In the lmer
function within lme4
in
R
there is a call for constructing a model matrix of random
effects, \(Z\), as explained here, pages 7 - 9.
Calculating \(Z\) entails KhatriRao and/or Kronecker products of two matrices, \(J_i\) and \(X_i\).
The matrix \(J_i\) is a mouthful: “Indicator matrix of grouping factor indices”, but it seems to be a sparse matrix with dummy coding to select which unit (for example, subjects in repetitive measurements) corresponding to higher hierarchical levels are “on” for any observation. The \(X_i\) matrix seems to act as a selector of measurements in the lower hierarchical level, so that the combination of both “selectors” would yield a matrix, \(Z_i\) of the form illustrated in the paper via the following example:
require(lme4)
(f<-gl(3,2))
## [1] 1 1 2 2 3 3
## Levels: 1 2 3
(Ji<-t(as(f,Class="sparseMatrix")))
## 6 x 3 sparse Matrix of class "dgCMatrix"
## 1 2 3
## [1,] 1 . .
## [2,] 1 . .
## [3,] . 1 .
## [4,] . 1 .
## [5,] . . 1
## [6,] . . 1
(Xi<-cbind(1,rep.int(c(-1,1),3L)))
## [,1] [,2]
## [1,] 1 -1
## [2,] 1 1
## [3,] 1 -1
## [4,] 1 1
## [5,] 1 -1
## [6,] 1 1
Transposing each of these matrices, and performing a Khatri-Rao multiplication:
\(\left[\begin{smallmatrix}1 & 1 &. &. &. &.\\.&.&1&1&.&.\\.&.&.&.&1&1 \end{smallmatrix}\right]\ast \left[\begin{smallmatrix}\,\,\,\,1 & 1 &\,\,\,\,1 &1 &\,\,\,\,1 &1\\-1&1&-1&1&-1&1 \end{smallmatrix}\right]= \left[\begin{smallmatrix}\,\,1 & 1 &.&.&.&.\\\,\,\,\,-1 &1&.&.&.&.\\ .&.&\,\,\,\,\,1 &1&.&.\\.&.&\,\,-1&1&.&.\\.&.&.&.&\,\,\,1&1\\.&.&.&.&-1&1 \end{smallmatrix}\right]\)
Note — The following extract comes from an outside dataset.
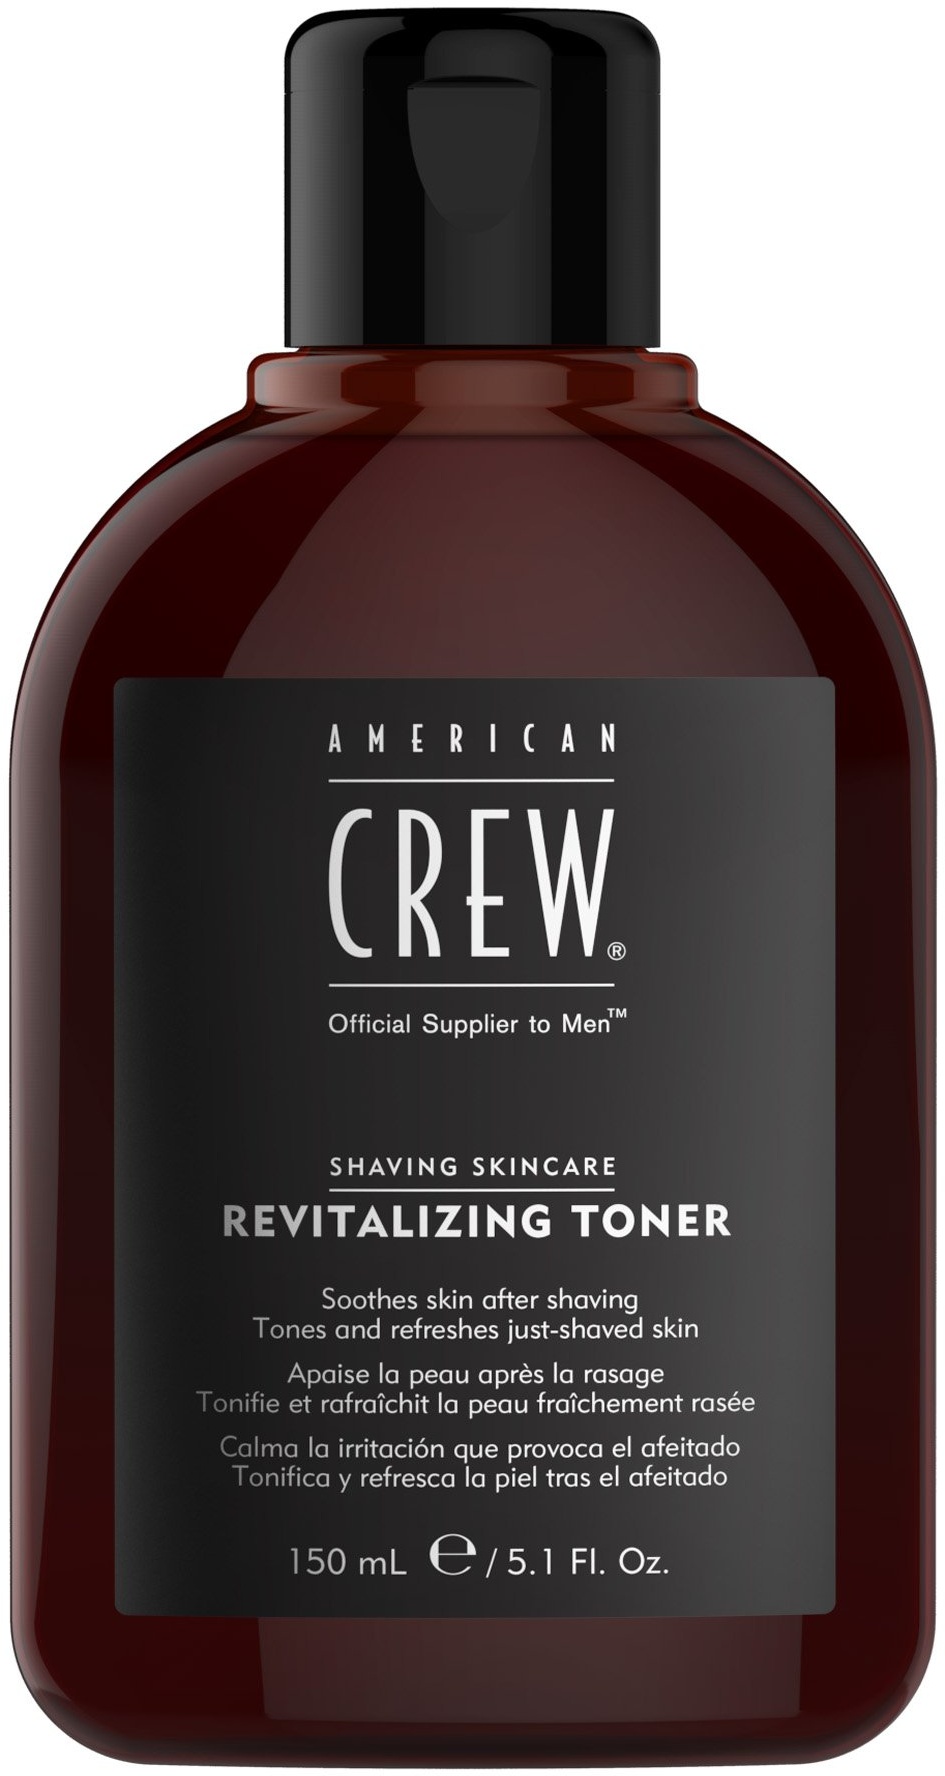 AMERICAN CREW – Revitalizing Toner, 150 ml, Tonikum revitalisiert die Haut nach der Rasur, After Shave mit beruhigender Wirkung, Pflegeprodukt mit enzymatischem Exfoliant

But \(Z_i\) is the transpose of it:
(Zi<-t(KhatriRao(t(Ji),t(Xi))))
## 6 x 6 sparse Matrix of class "dgCMatrix"
##
## [1,] 1 -1 . . . .
## [2,] 1 1 . . . .
## [3,] . . 1 -1 . .
## [4,] . . 1 1 . .
## [5,] . . . . 1 -1
## [6,] . . . . 1 1
It turns out that the authors make use of the database
sleepstudy
in lme4
, but don’t really elaborate
on the design matrices as they apply to this particular study. So I’m
trying to understand how the made up code in the paper reproduced above
would translate into the more meaningful sleepstudy
example.
For visual simplicity I have reduced the data set to just three subjects - “309”, “330” and “371”:
require(lme4)
sleepstudy <- sleepstudy[sleepstudy$Subject %in% c(309, 330, 371), ]
rownames(sleepstudy) <- NULL
Each individual would exhibit a very different intercept and slope should a simple OLS regression be considered individually, suggesting the need for a mixed-effect model with the higher hierarchy or unit level corresponding to the subjects:
par(bg = 'peachpuff')
plot(1,type="n", xlim=c(0, 12), ylim=c(200, 360),
xlab='Days', ylab='Reaction')
for (i in sleepstudy$Subject){
fit<-lm(Reaction ~ Days, sleepstudy[sleepstudy$Subject==i,])
lines(predict(fit), col=i, lwd=3)
text(x=11, y=predict(fit, data.frame(Days=9)), cex=0.6,labels=i)
}
The mixed-effect regression call is:
fm1<-lmer(Reaction~Days+(Days|Subject), sleepstudy)
And the matrix extracted from the function yields the following:
parsedFormula<-lFormula(formula= Reaction~Days+(Days|Subject),data= sleepstudy)
parsedFormula$reTrms
$Ztlist
$Ztlist$`Days | Subject`
6 x 12 sparse Matrix of class "dgCMatrix"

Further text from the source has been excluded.